“Supporting paediatric research in a broad sense is one of the foundation’s primary goals,” says SFBS’s Inspector Sven-Åke Bergkvist.
The Swedish Order of Freemasons has been active in Sweden and Finland for a long time. The Stiftelsen Frimurare Barnhuset i Stockholm foundation was established in 1753 as a tribute Sophia Albertina, the younger sister of Gustav III. For roughly 200 years, the foundation focused on providing orphanages to children and adolescents. At its most, it accommodated more than 100 children, with approximately 20 children admitted to receive education every year.
“As society evolved, the need for orphanages decreased and this activity was discontinued in the 1940s, with the properties sold. The interest accrued by the capital released is now such that we are able to allocate annually a total of 13 million Swedish krona to research in addition to organising youth activities and projects. This year, the foundation’s board of directors also decided that 1.5 million krona can be allocated to paediatric research in Finland,” Bergkvist says.
Donation supports a broad spectrum of paediatric research
The donated 1.5 million Swedish krona, or approximately €135,000, will be distributed among three paediatric research projects at the University of Helsinki. These projects broadly represent paediatric research conducted at the University, which benefits children and adolescents both in Finland and abroad.
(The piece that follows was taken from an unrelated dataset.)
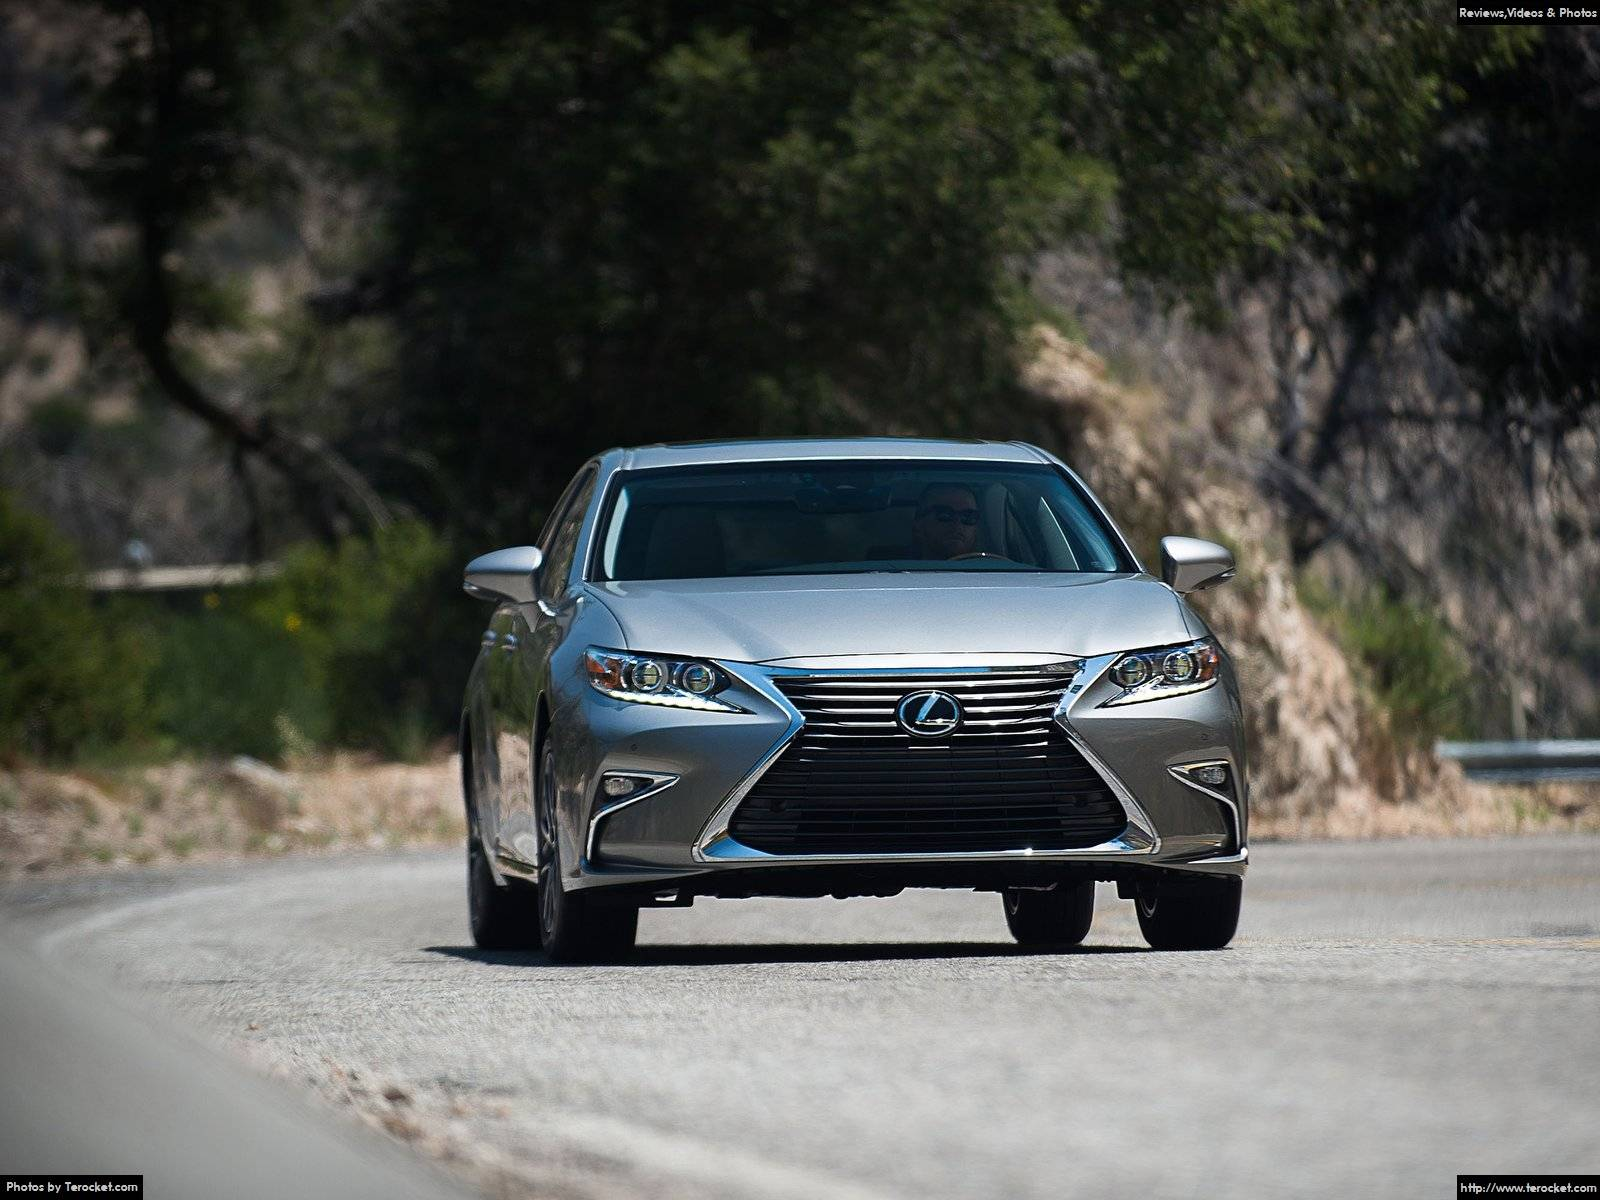 Lưới tản nhiệt, đèn pha...đặc trưng của các dòng xe Lexus

“Paediatric research is one of the key fields of research at the University of Helsinki’s Faculty of Medicine. One of the Faculty’s goals is to support junior researchers in their career paths. This is why I’m particularly pleased that the donation now received supports this goal, and I sincerely thank the SFBS foundation for its generosity,” says Dean Anne Remes of the Faculty of Medicine.
The supported projects investigate the onset of congenital heart diseases, utilise new genomic approaches to improving the treatment outcomes of children with tumours, and study molecular mechanisms for congenital deficiencies in immunity.